■ **RECORDS FOR THIS TASK**

----------------------------------------

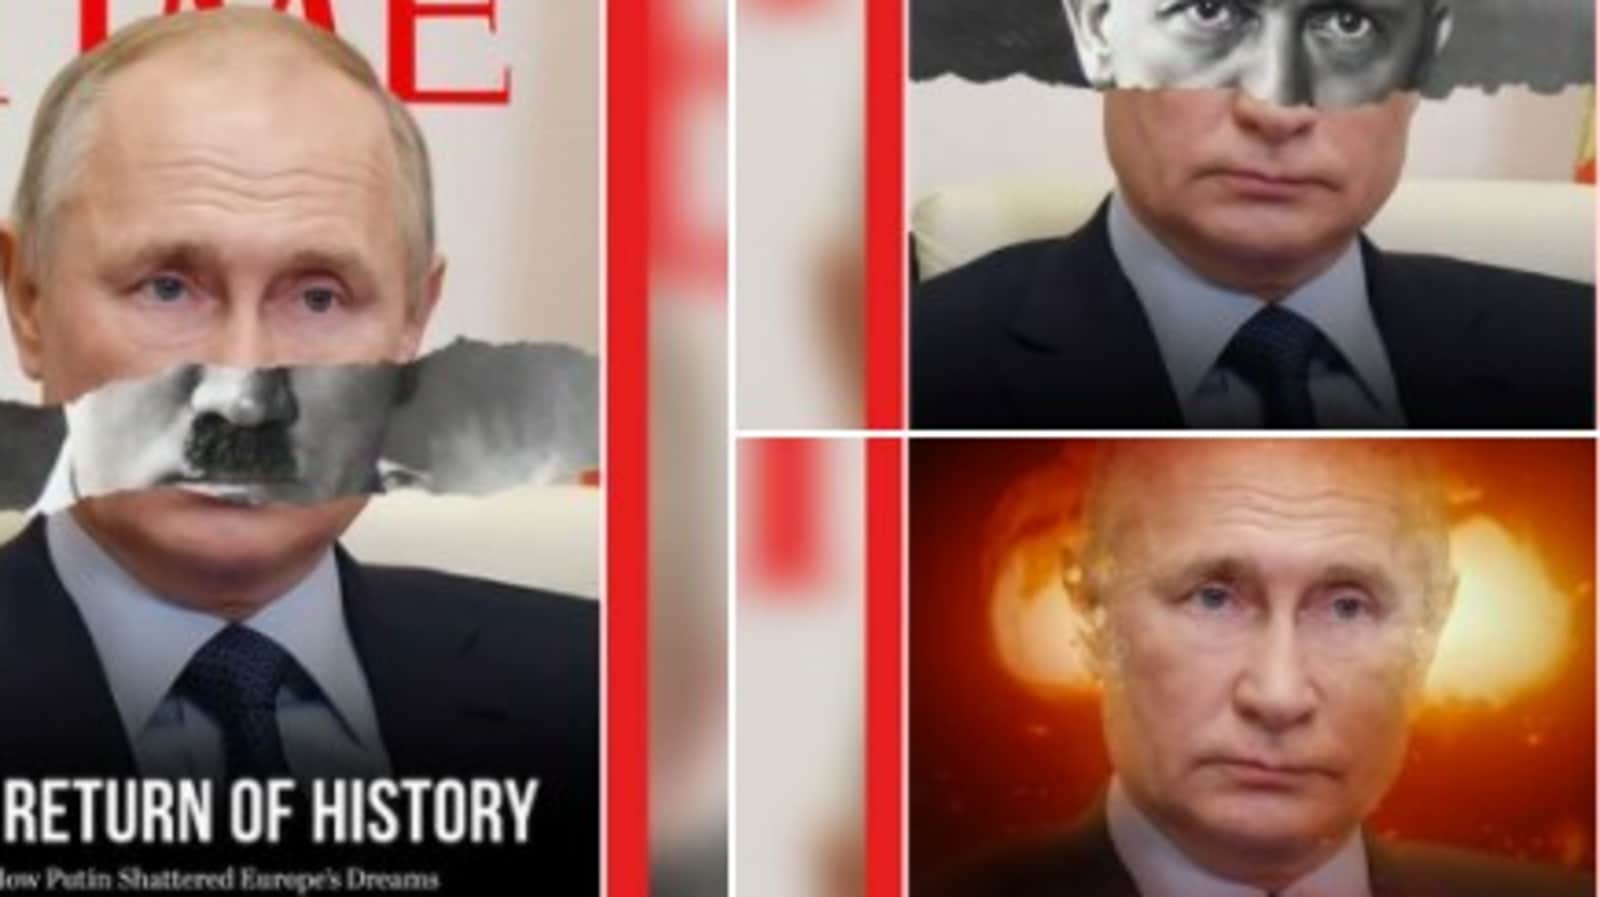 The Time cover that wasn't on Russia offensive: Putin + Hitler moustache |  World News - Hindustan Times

----------------------------------------

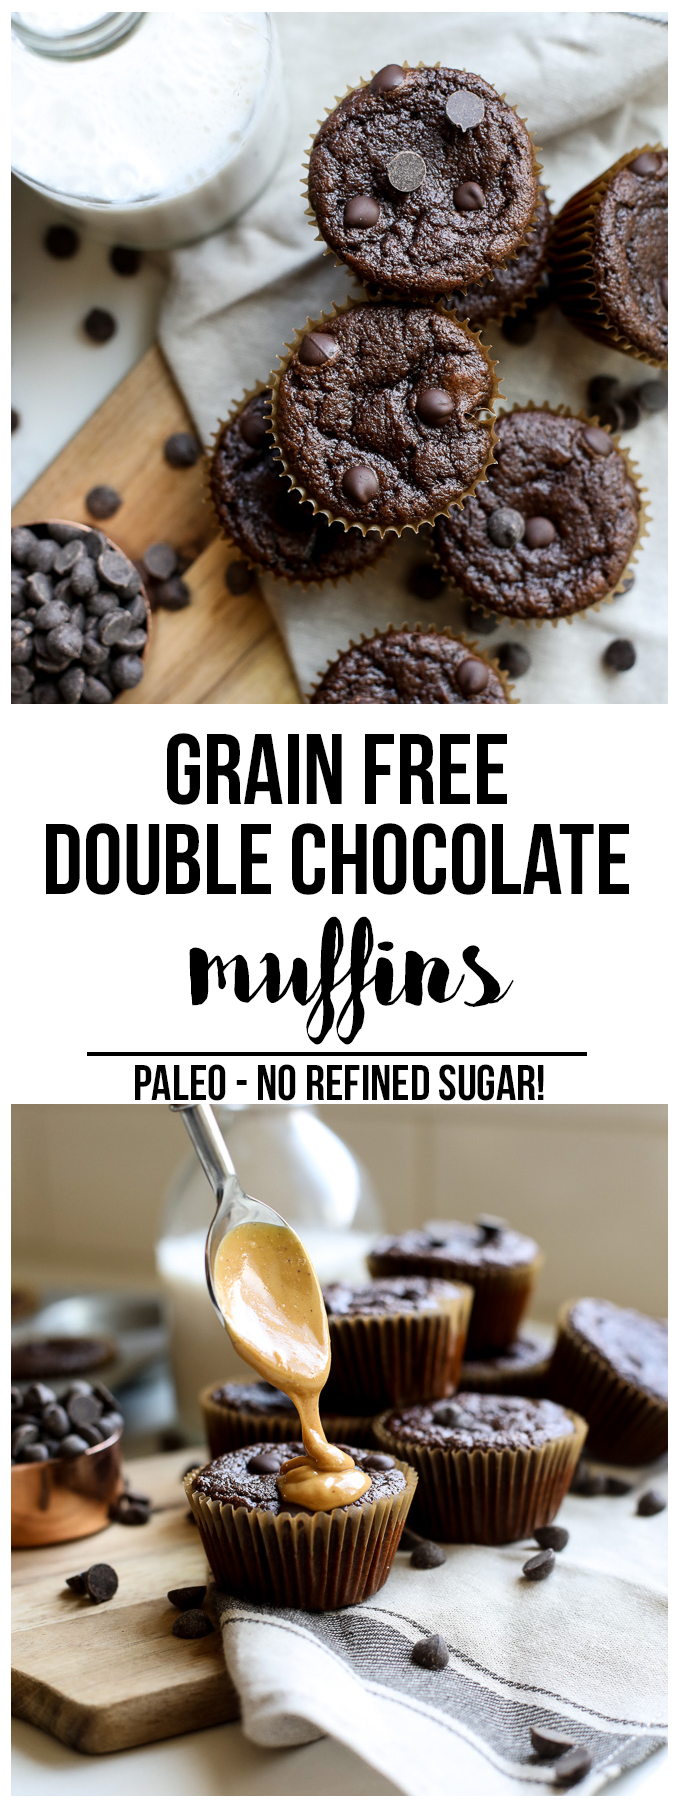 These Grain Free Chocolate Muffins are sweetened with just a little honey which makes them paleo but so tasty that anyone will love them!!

----------------------------------------

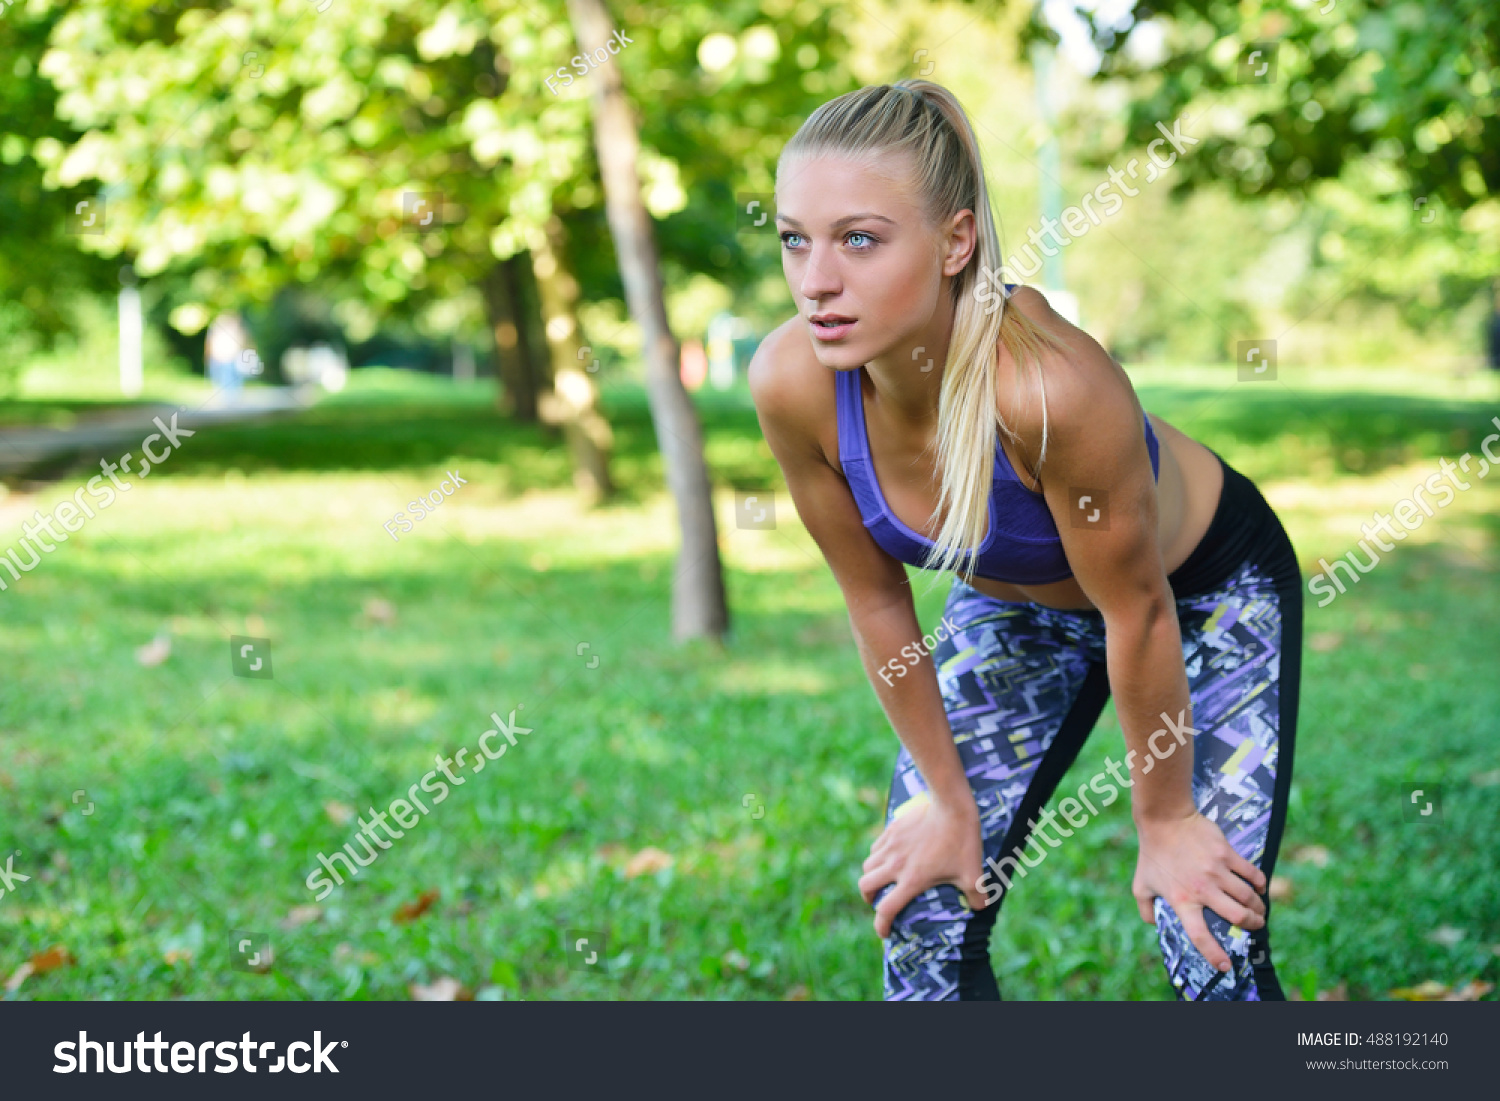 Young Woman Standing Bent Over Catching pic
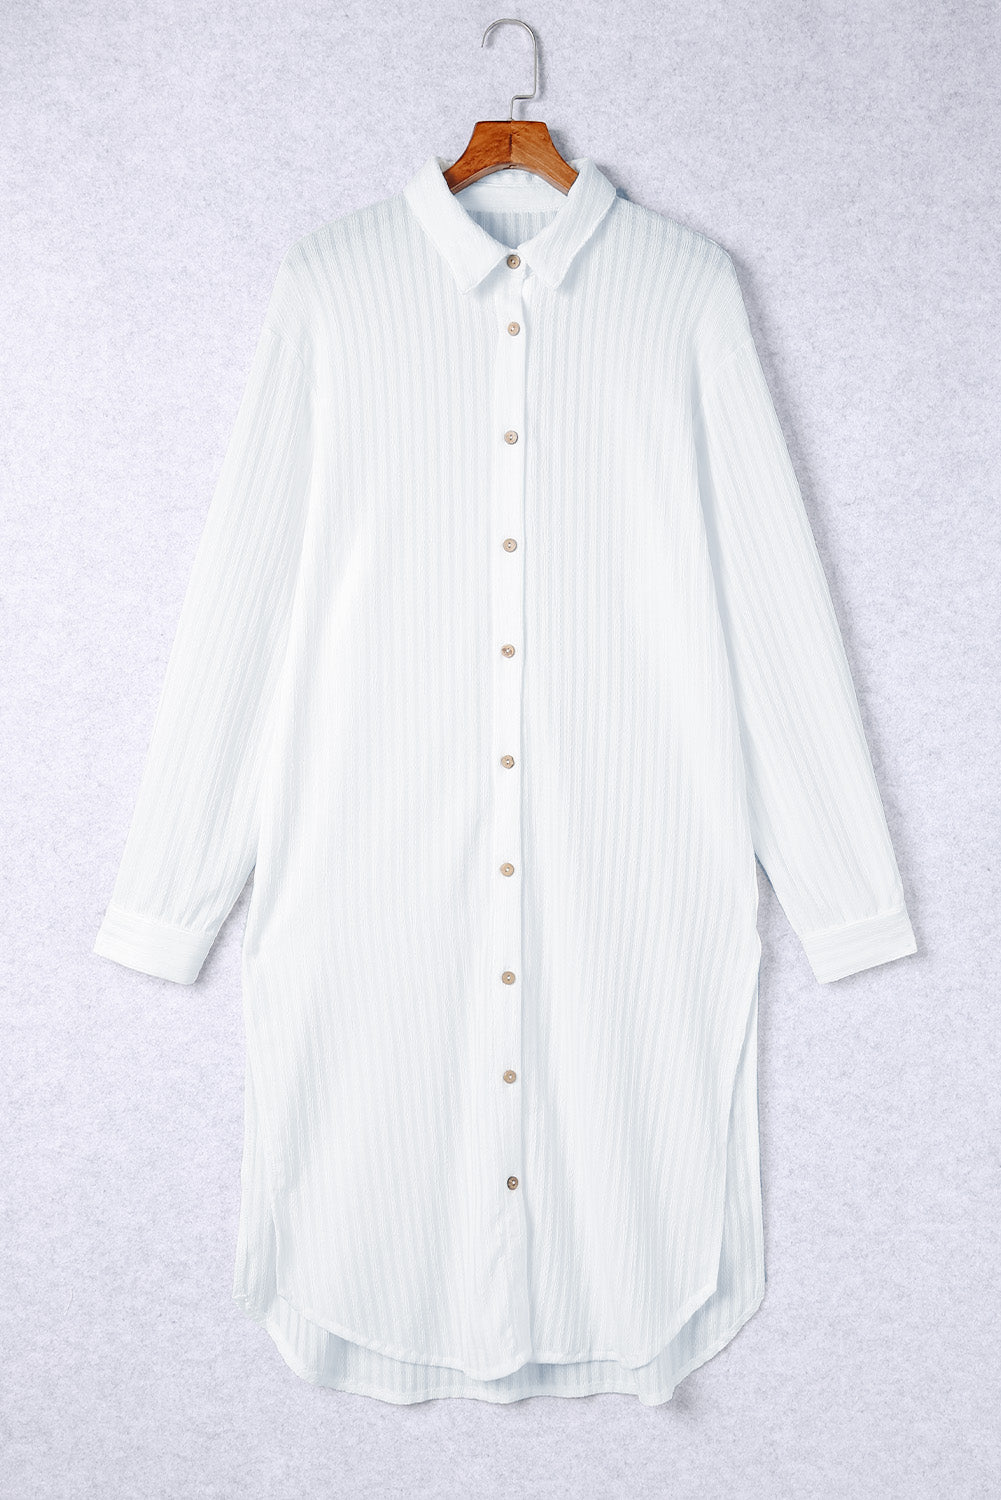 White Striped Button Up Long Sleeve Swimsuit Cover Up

----------------------------------------

■ **WHAT THE EXERCISE ASKS**
Out of the records above, set down only the lines from the one that contains "Young Woman Standing Bent Over Catching pic" through the one that contains "White Striped Button", unchanged and without the pictures.

■ **RESPONSE**
 Young Woman Standing Bent Over Catching pic
 White Striped Button Up Long Sleeve Swimsuit Cover Up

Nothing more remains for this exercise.